- [EXERCISE GOAL]: Exclude images, then output the remaining data verbatim.

- [INFORMATION SHOWN]:
··········
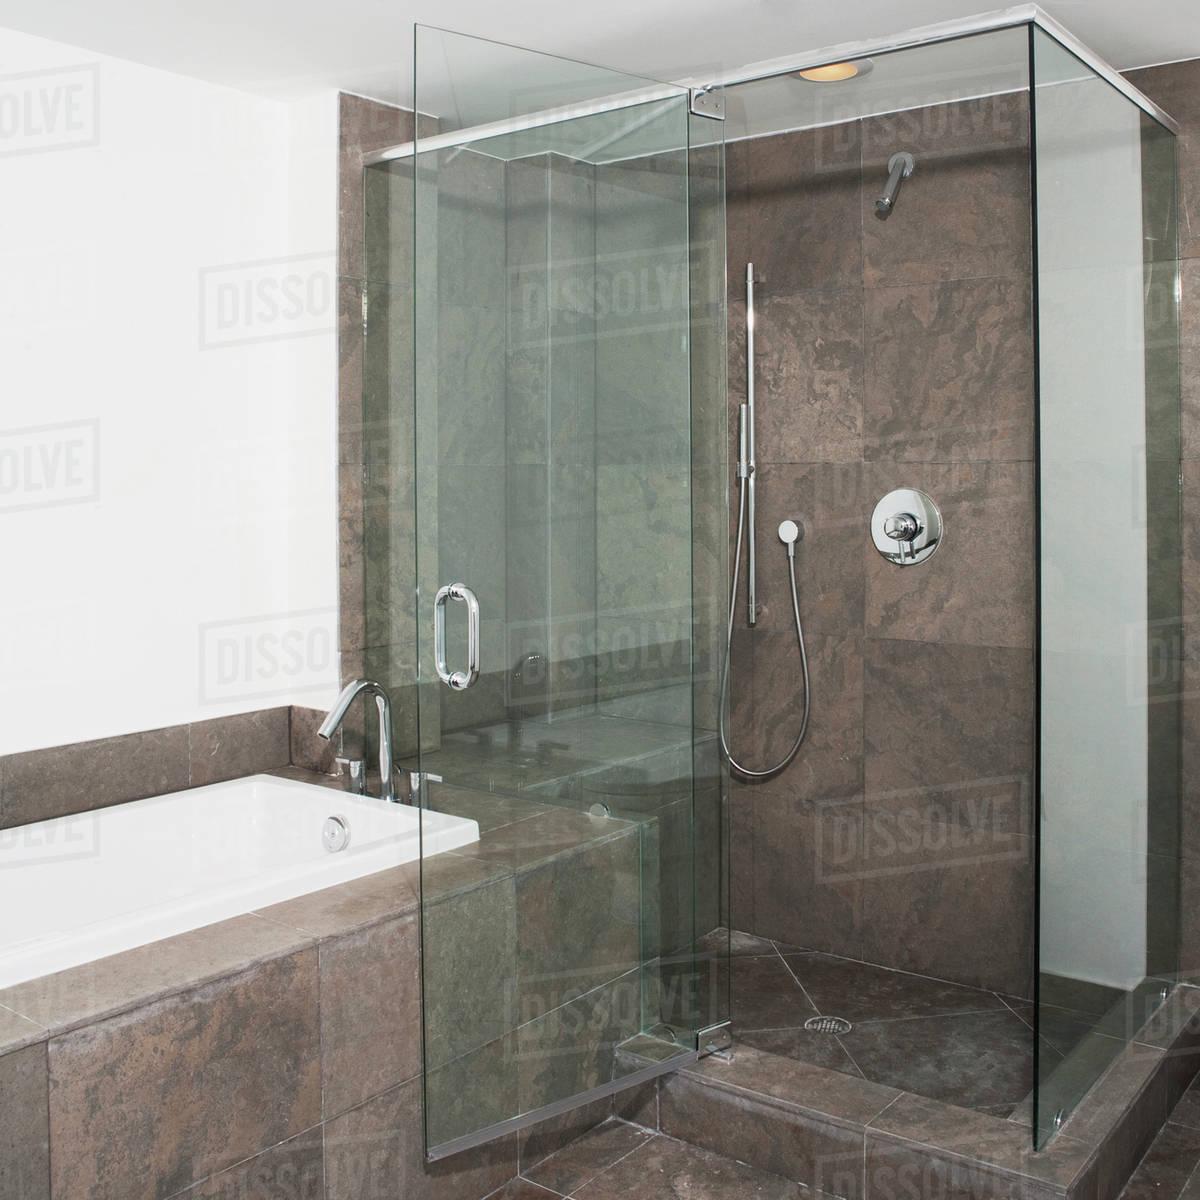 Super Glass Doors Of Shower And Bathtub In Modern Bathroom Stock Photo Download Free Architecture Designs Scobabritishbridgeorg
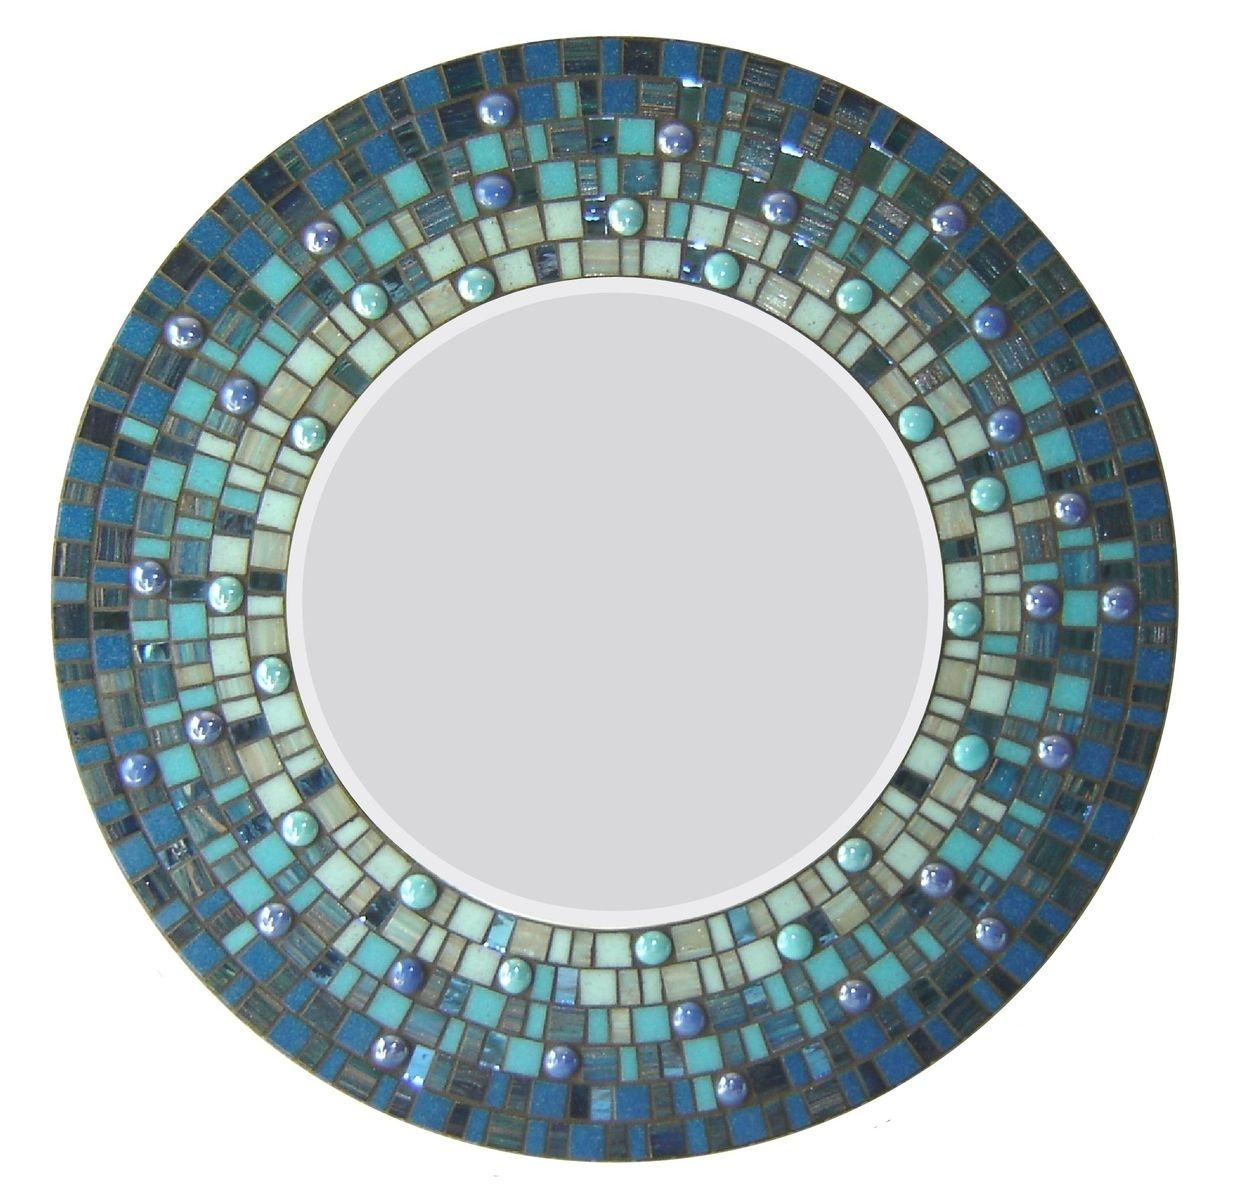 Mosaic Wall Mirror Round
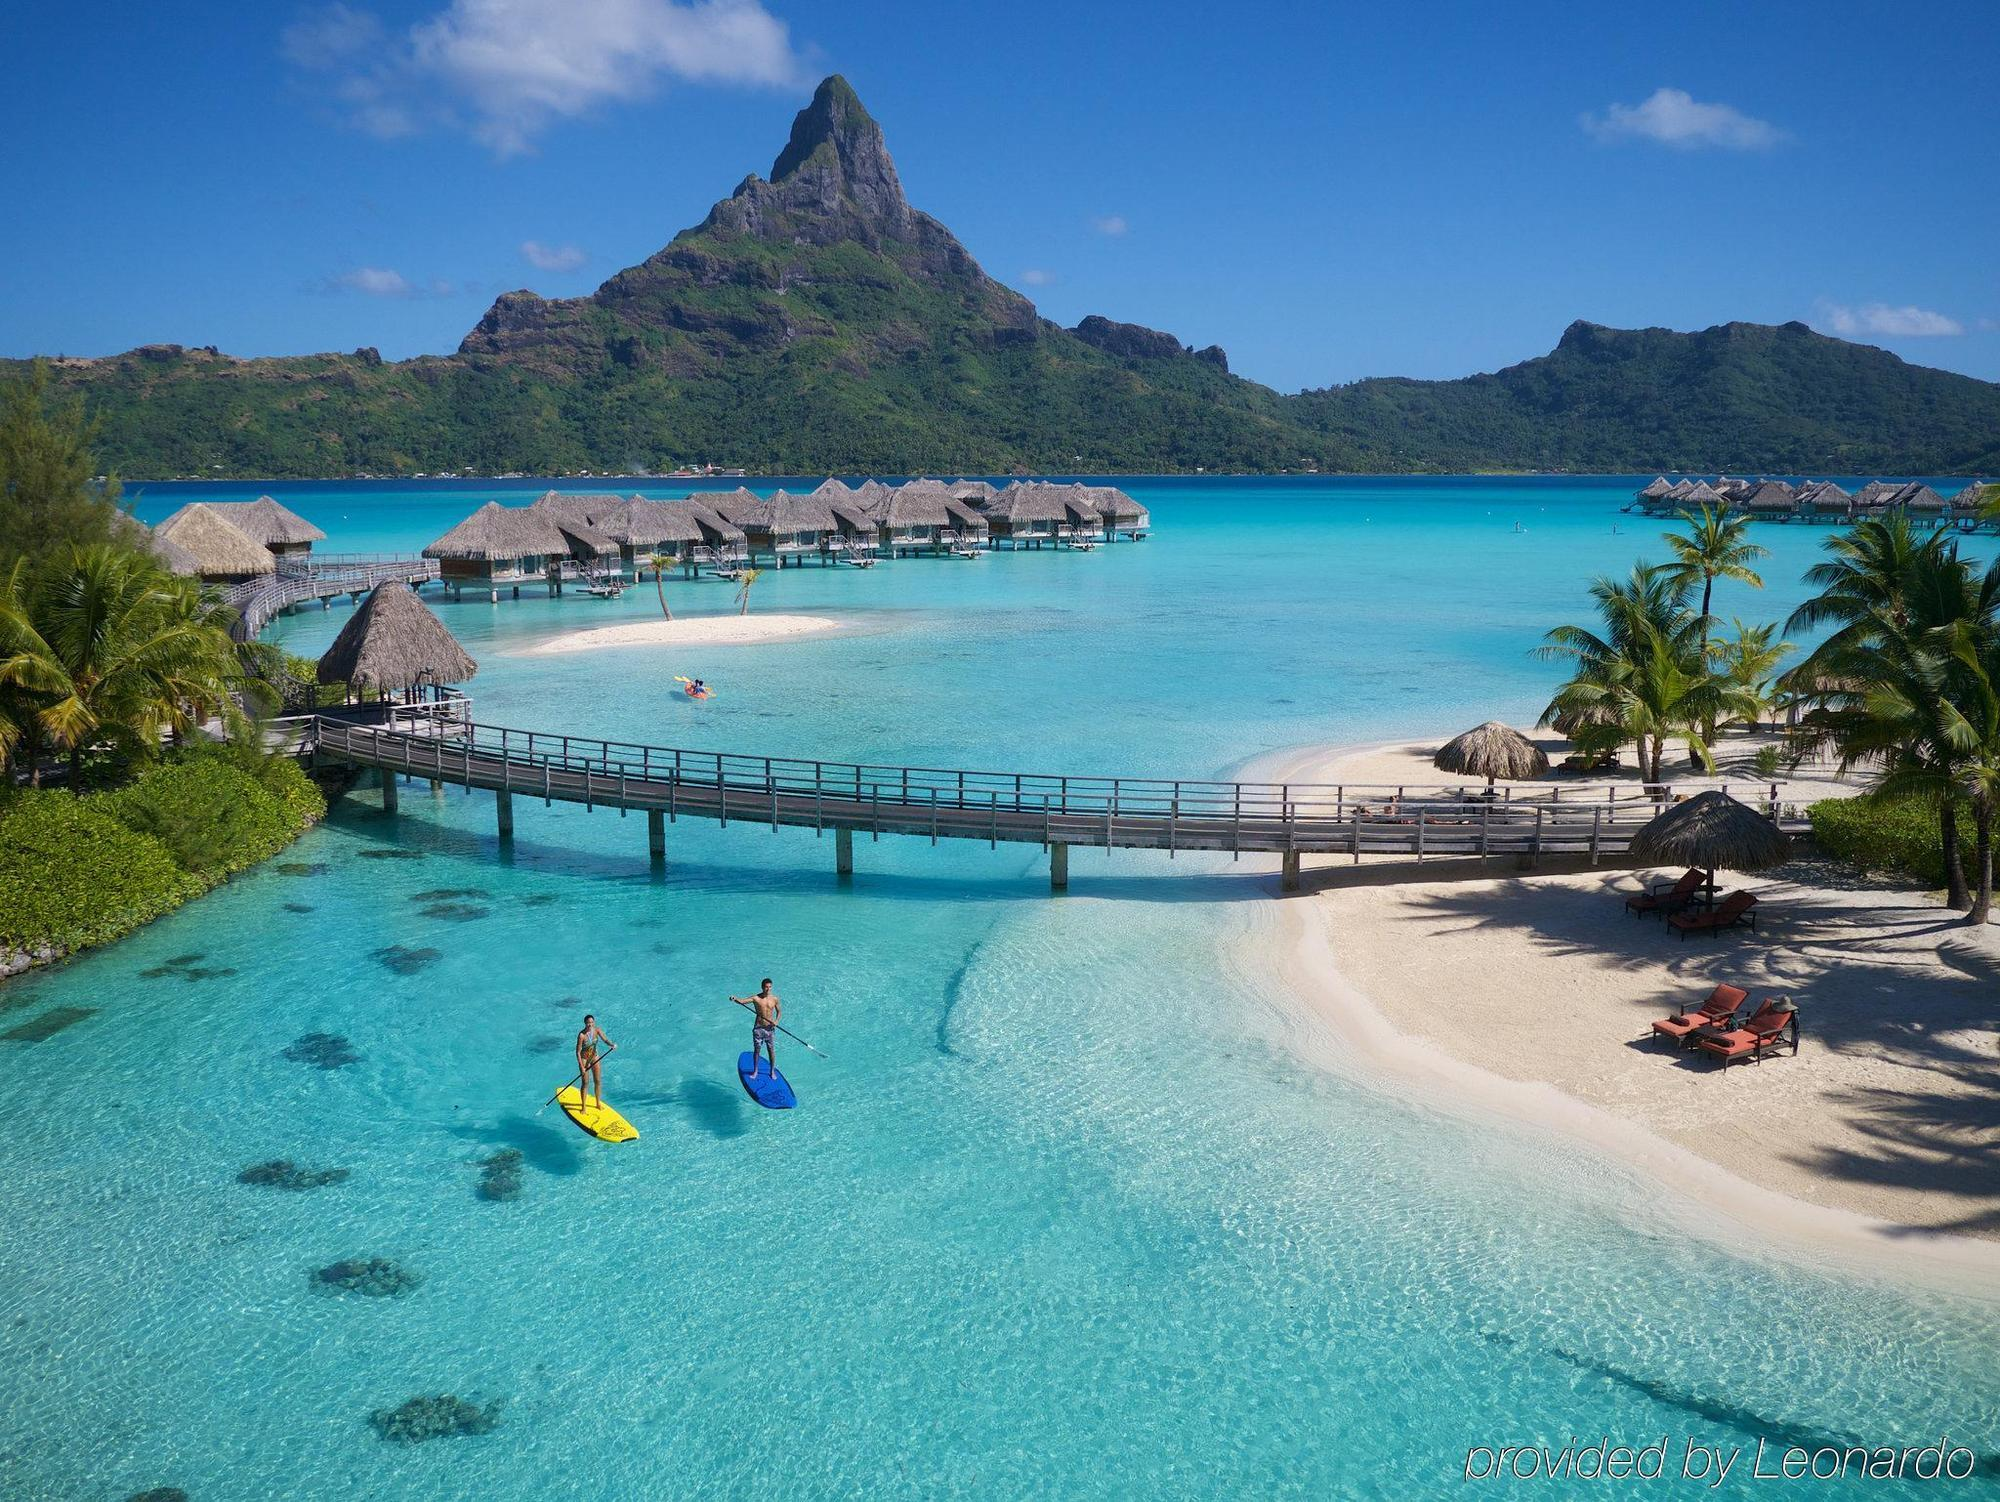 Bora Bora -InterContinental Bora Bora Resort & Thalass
··········
- [RESPONSE BOX]:
 Super Glass Doors Of Shower And Bathtub In Modern Bathroom Stock Photo Download Free Architecture Designs Scobabritishbridgeorg
 Mosaic Wall Mirror Round
 Bora Bora -InterContinental Bora Bora Resort & Thalass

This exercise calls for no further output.